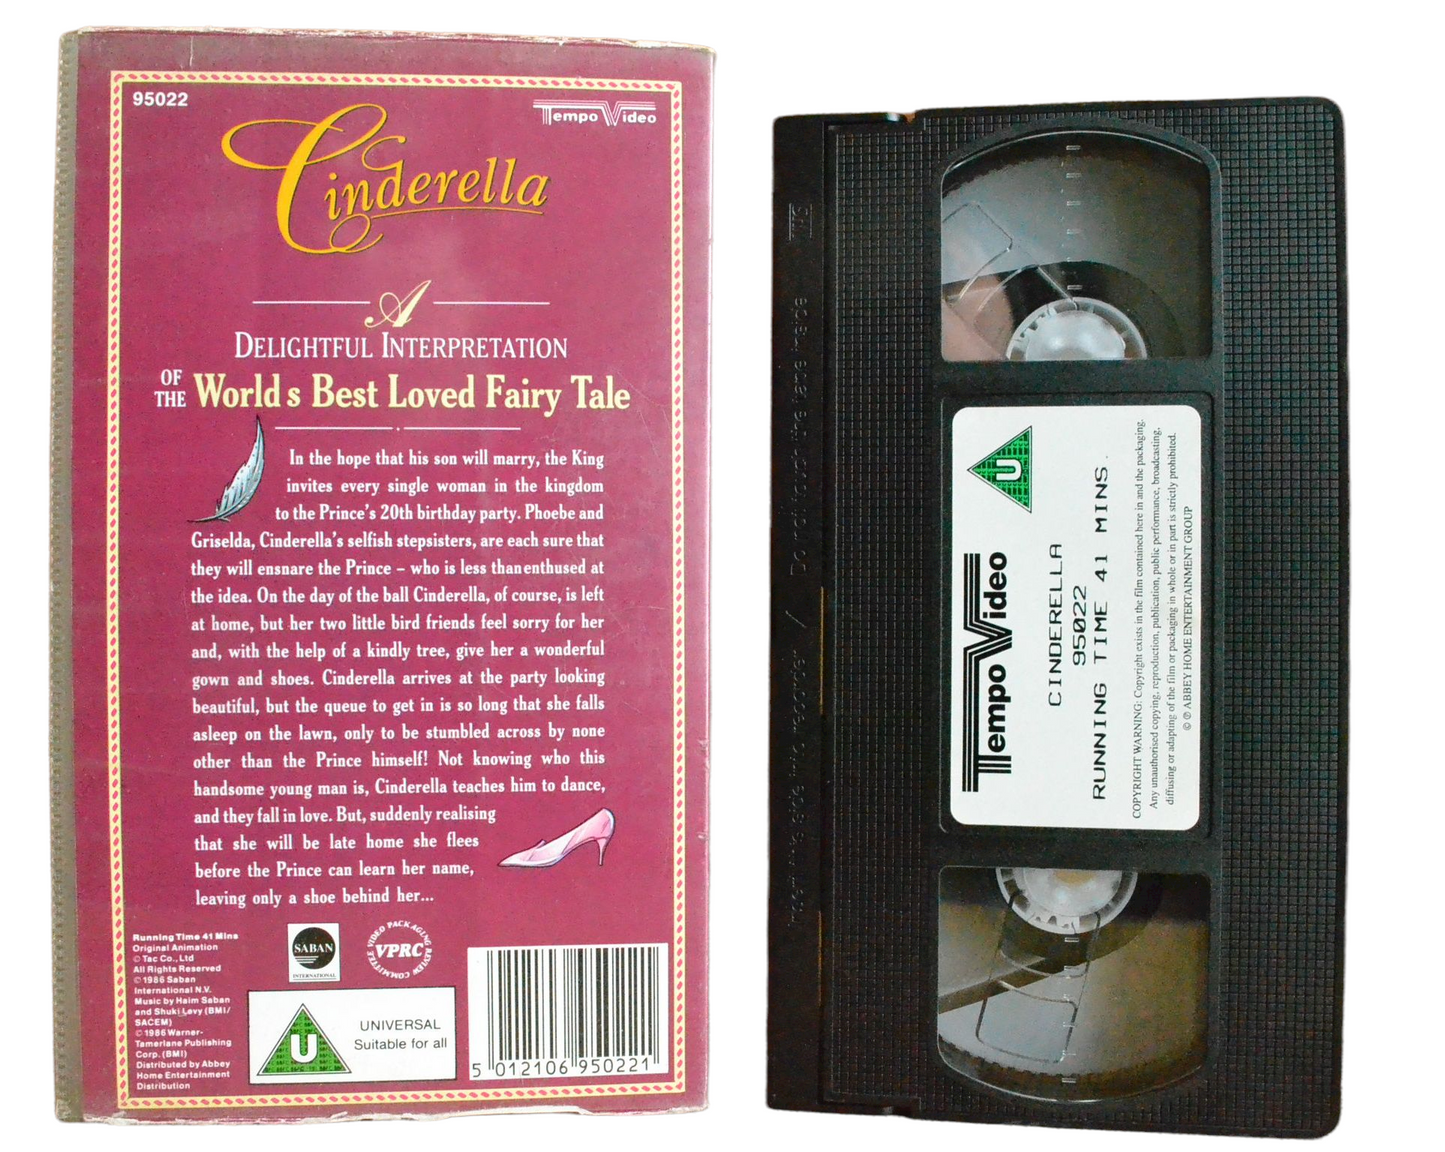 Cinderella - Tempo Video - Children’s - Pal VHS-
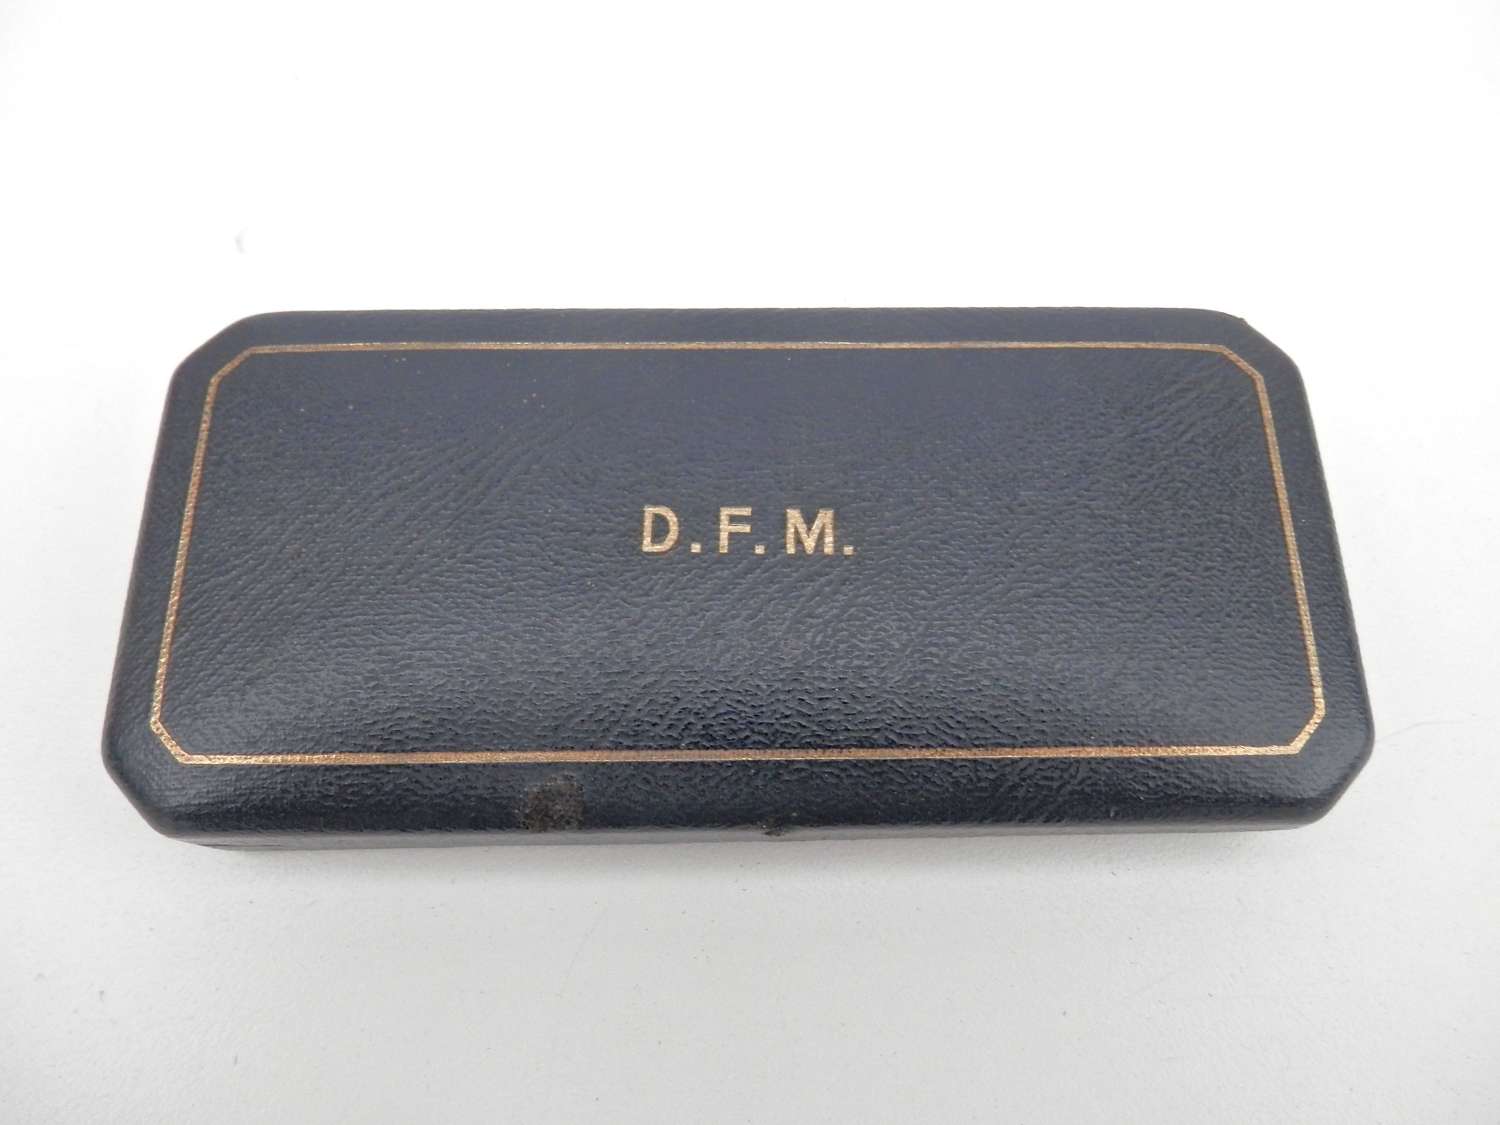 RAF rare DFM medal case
...
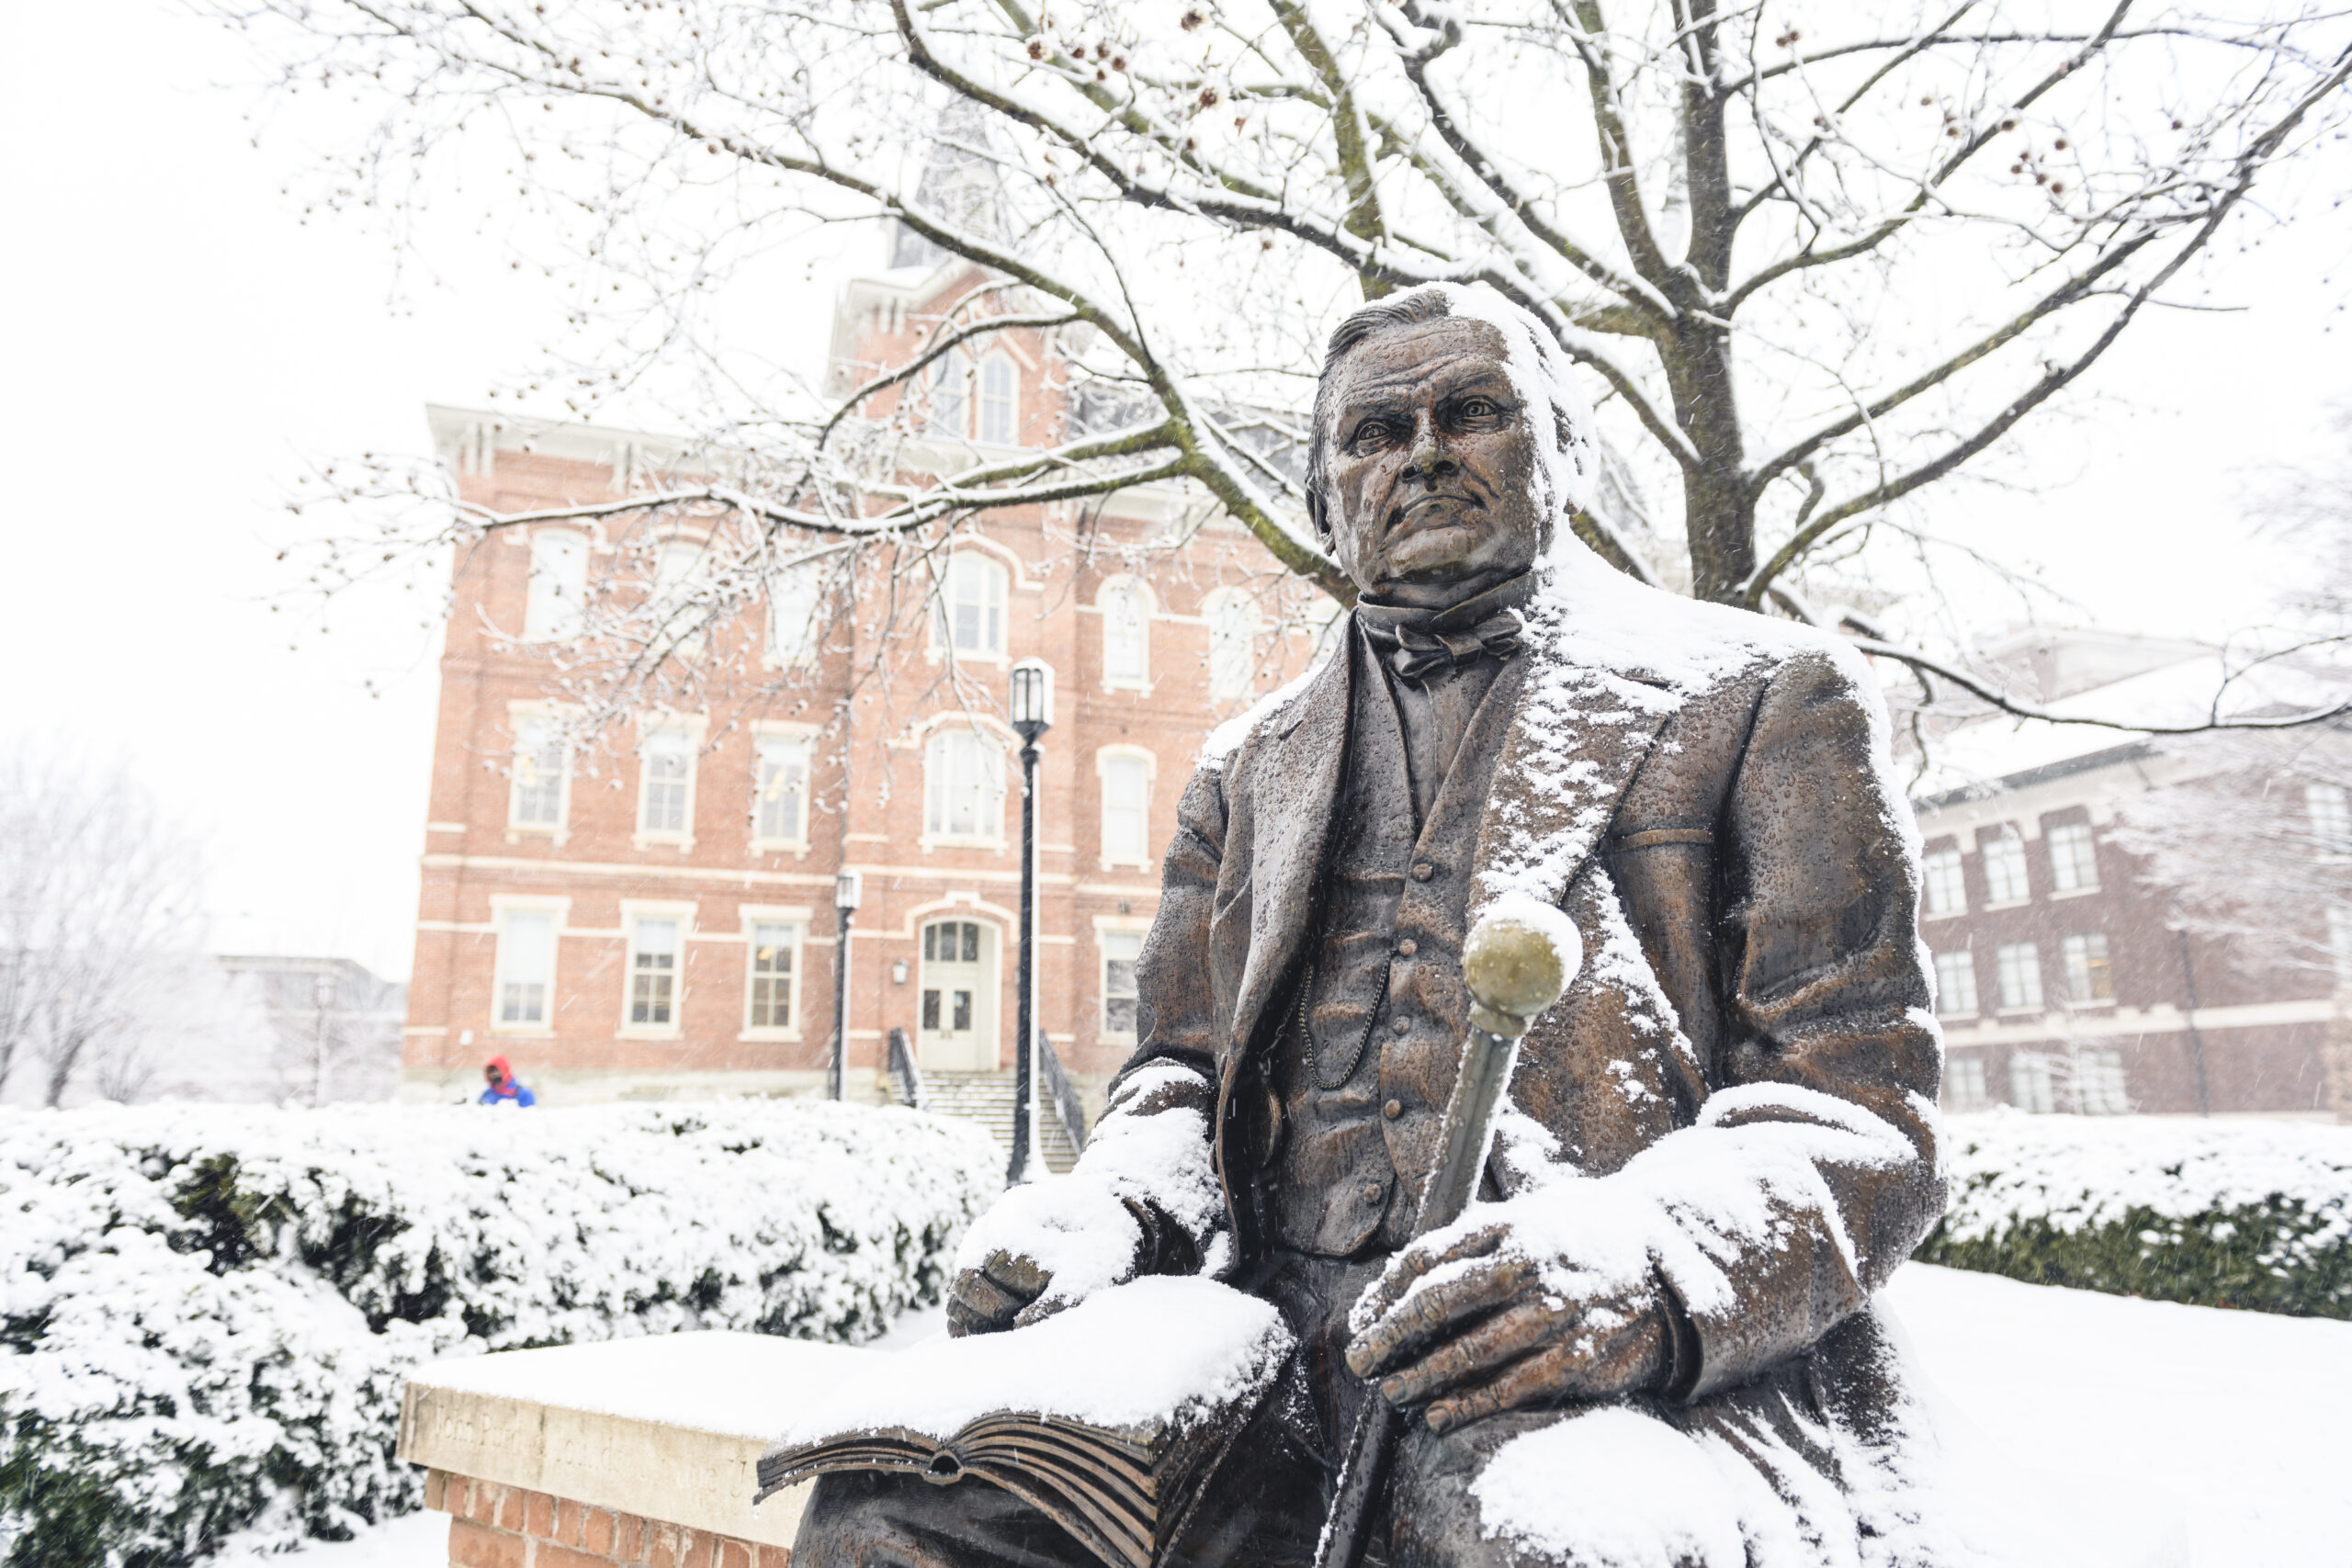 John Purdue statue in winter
---
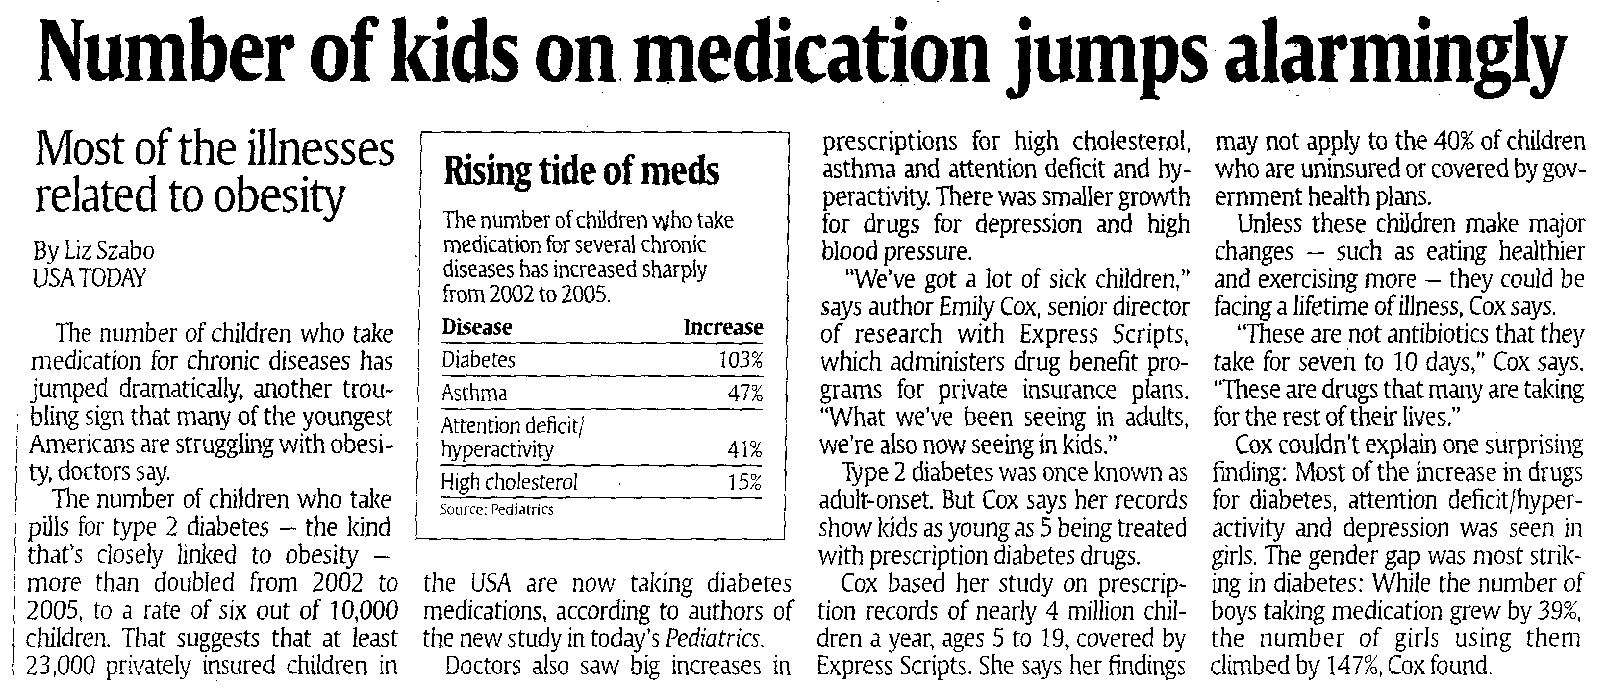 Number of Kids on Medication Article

## [What the task requires]
Print the part of the listing above that opens with the line containing "Cinderella - Tempo" and closes with the line containing "RAF rare DFM medal case". Copy it exactly, both ends included, and omit the pictures.

## [Task output]
 Cinderella - Tempo Video - Children’s - Pal VHS-
 RAF rare DFM medal case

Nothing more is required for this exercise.